Hemicellulose is another important polysaccharide present in cell walls of plants. It is a heteropolymer meaning that it is made up of more than one type of monosaccharide subunits. 

In addition to glucose, it also contains arabinose, xylose, mannose, galactose, and some other monosaccharide. 

Hemicellulose is an amorphous solid having shorter chain lengths as compared to that of cellulose. It also shows branching of chains. 

It is not resistant to hydrolysis. It can yield monosaccharide subunits even in dilute acidic or basic solutions. 

Its main function is to cross-link the microfibrils made up of cellulose and glycoproteins. 

Summary 

Polysaccharides are the biopolymers made up of repetitive monosaccharide subunits. 

They differ greatly in their structure, properties, and functions. 

Polysaccharide that are important include starch, glycogen, cellulose, and hemicellulose. 

All of polysaccharides are non-reducing sugars. 

Starch is storage polysaccharide in plants made up of two components, amylose and amylopectin. 

• Amylose shows limited branching and is more resistant to digestion. 
• Amylopectin shows abundant branching and can be hydrolyzed easily.

Starch is the main carbohydrate source of animals as it is present in every staple food. 

Glycogen is storage polysaccharide in animals, made of glucose chains that show branching after every 8 to 12 subunits. 

• It is mainly made in the liver and muscles by a process called glycogenesis. 
• It is found only in animals. 
• It prevent hypoglycemia and provides energy to the body when it is needed the most. 

Cellulose is a structural polysaccharide present in the plant cell walls.

• The long chains of glucose molecules in cellulose make microfibrils that provide strength to plant cells. 
• It cannot be digested in humans. 
• Cellulose is also used in paper and pharmaceutical industry. 
• It is also used in science labs. 

Hemicellulose is another polysaccharide present in cell walls of plants. 

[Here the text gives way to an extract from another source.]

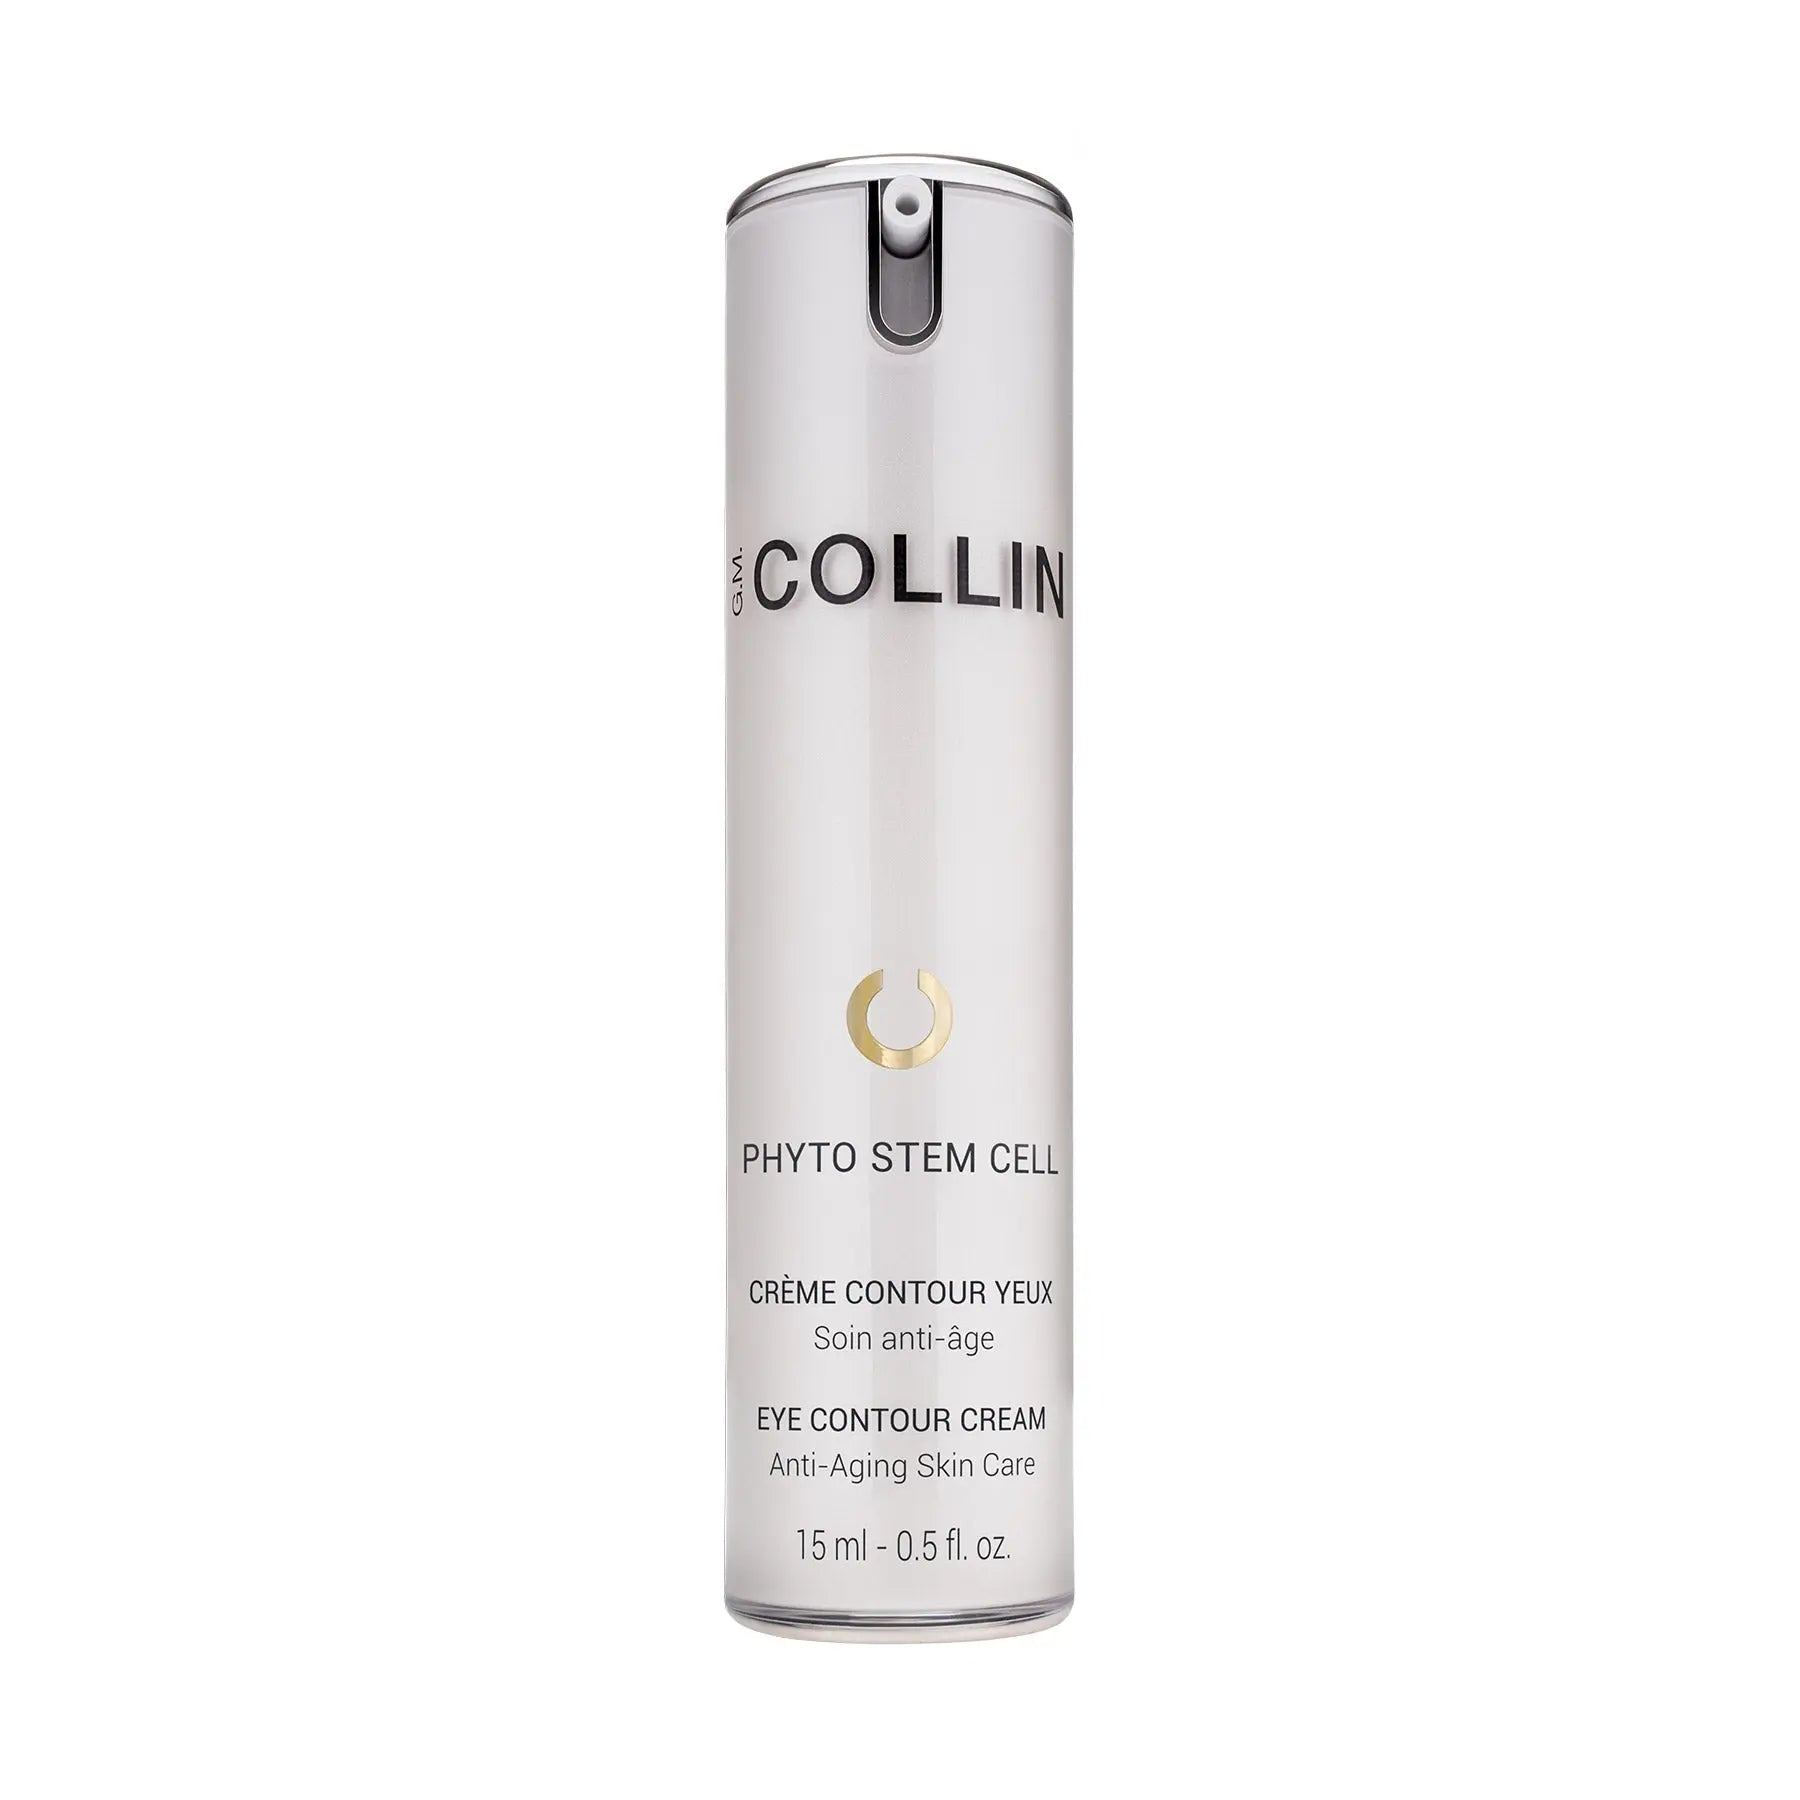 G.M Collin Phyto Stem Cell + Eye Contour Cream

• It is a heteropolymer made up of different monosaccharides. 
• It is made up of small chains that also show branching. 
• Its function is to cross-link the microfibrils in plant cell walls. 

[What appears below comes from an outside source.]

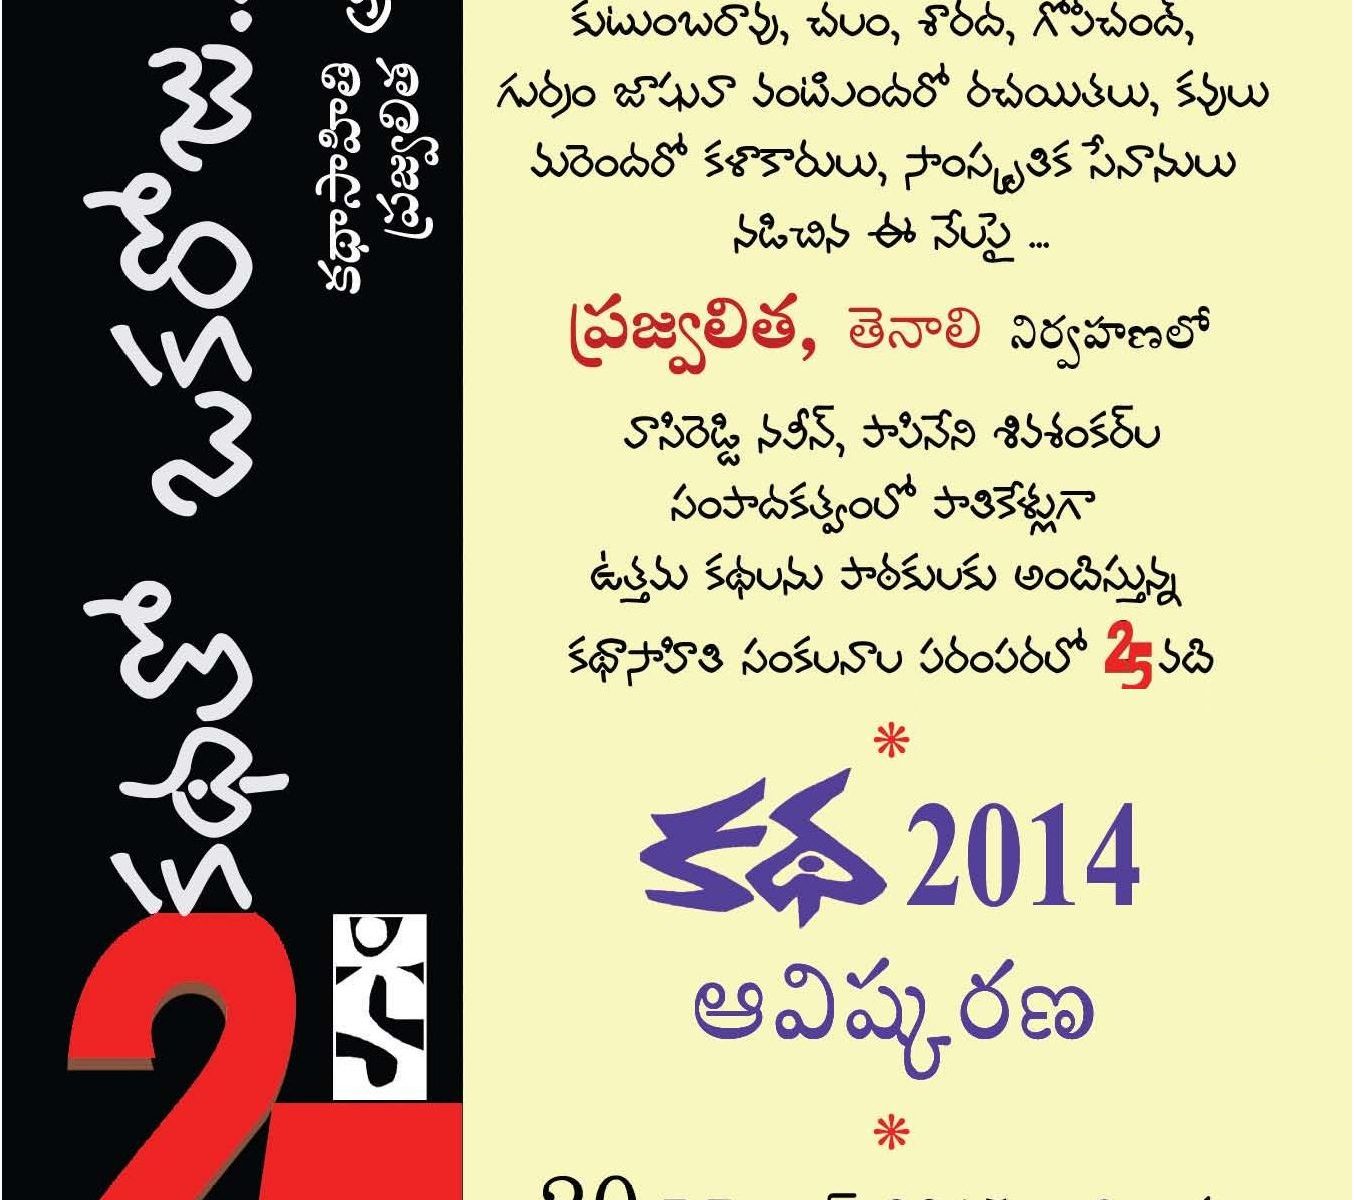 katha 2014 book launch invitation

Frequently Asked Questions

What are polysaccharides?

Polysaccharides are the polymers of carbohydrates. They are large molecules that are made by combining hundreds or thousands of carbohydrate molecules. 

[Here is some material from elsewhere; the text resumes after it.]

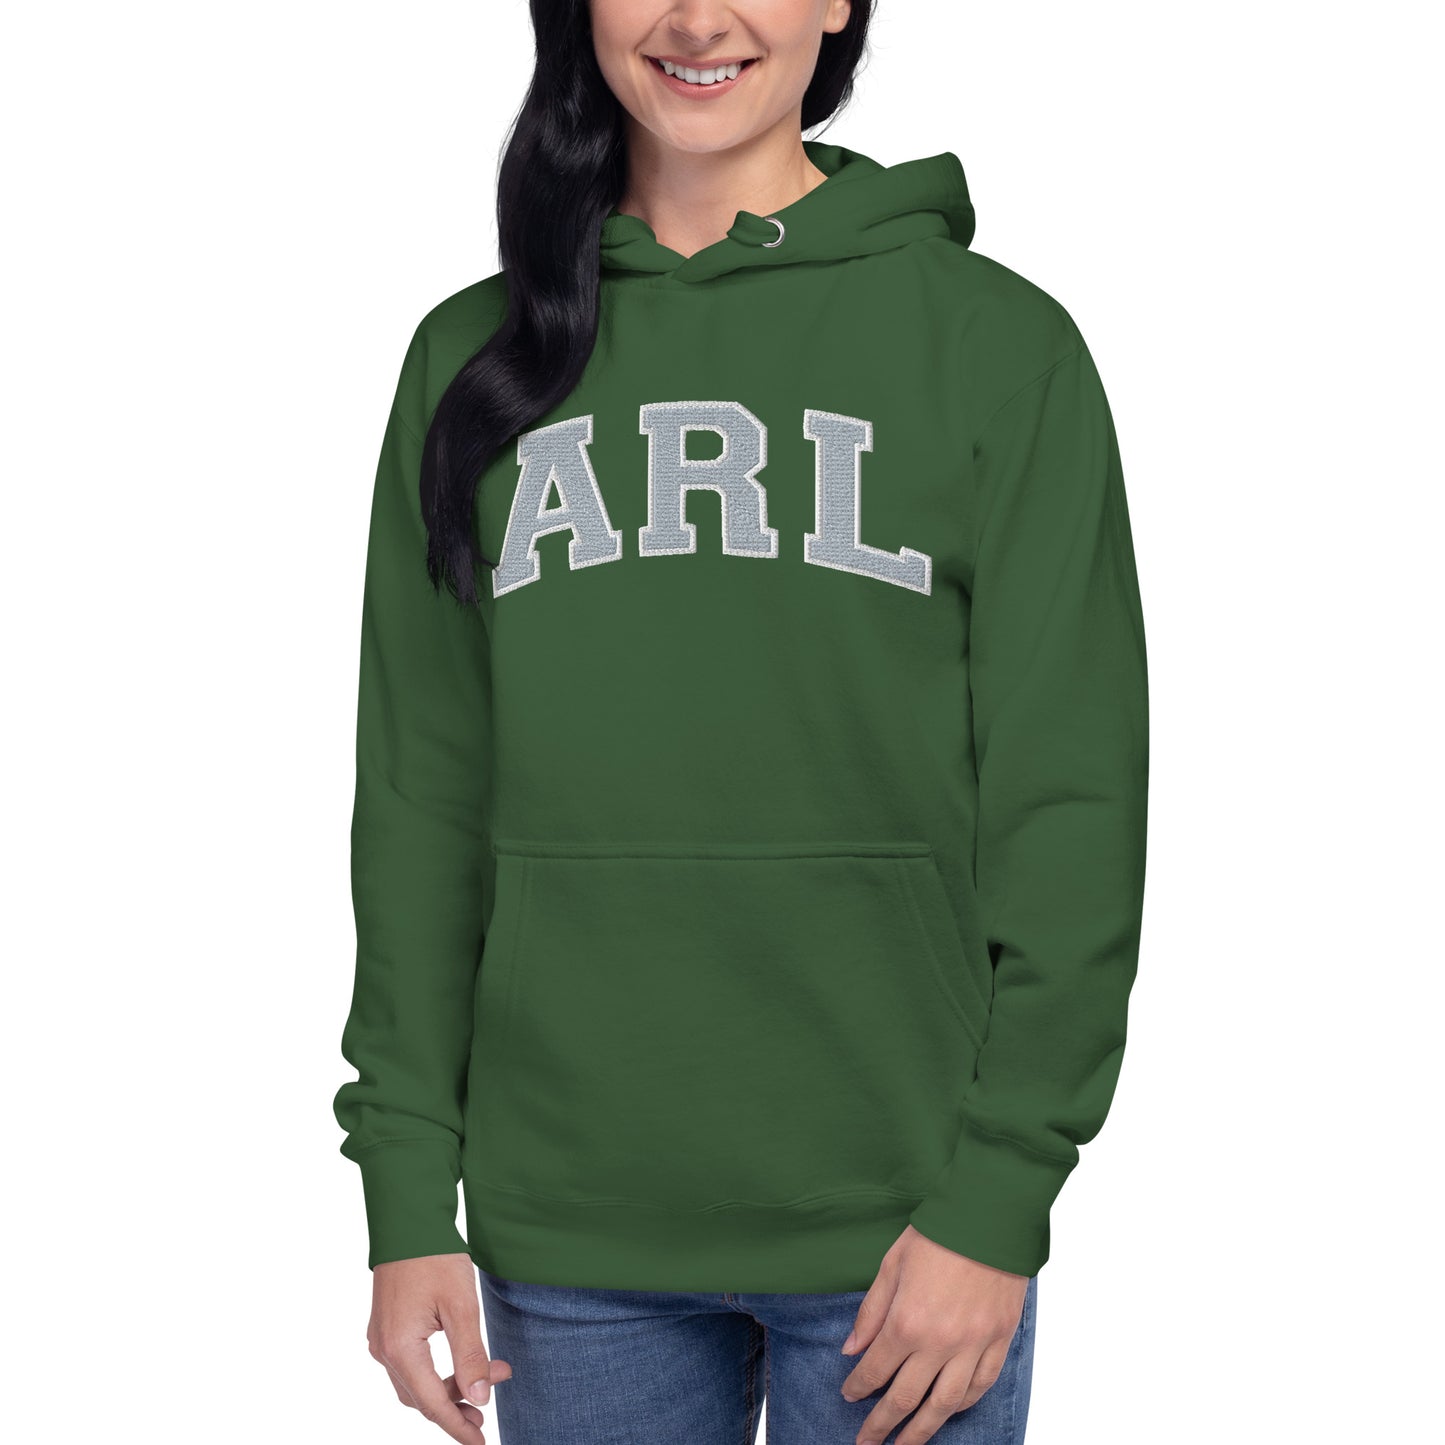 ARL hoodie (embroidered)

What are some examples of polysaccharides?

Some examples of polysaccharides include starch, glycogen and cellulose. Starch is a storage polysaccharide found in plant cells while glycogen is a storage polysaccharide present in animal cells. Cellulose is present in the cell wall of plant cells. 

What are the functions of polysaccharides?

Polysaccharides act as storage molecules in both animal and plant cells. They also provide structural support such as cellulose and have a role in cell signalling.

Can humans digest polysaccharides?

Humans can digest and break down starch. However, cellulose cannot be digested in humans because of lack of cellulase enzyme. 

References

1.  Matthews, C. E.; K. E. Van Holde; K. G. Ahern (1999) Biochemistry. 3rd edition. Benjamin Cummings. ISBN 0-8053-3066-6
2. N.A.Campbell (1996) Biology (4th edition). Benjamin Cummings NY. p.23 ISBN 0-8053-1957-3
3. Anatomy and Physiology. Saladin, Kenneth S. McGraw-Hill, 2007.
4. “Animal starch”. Merriam Webster. Retrieved May 11, 2014.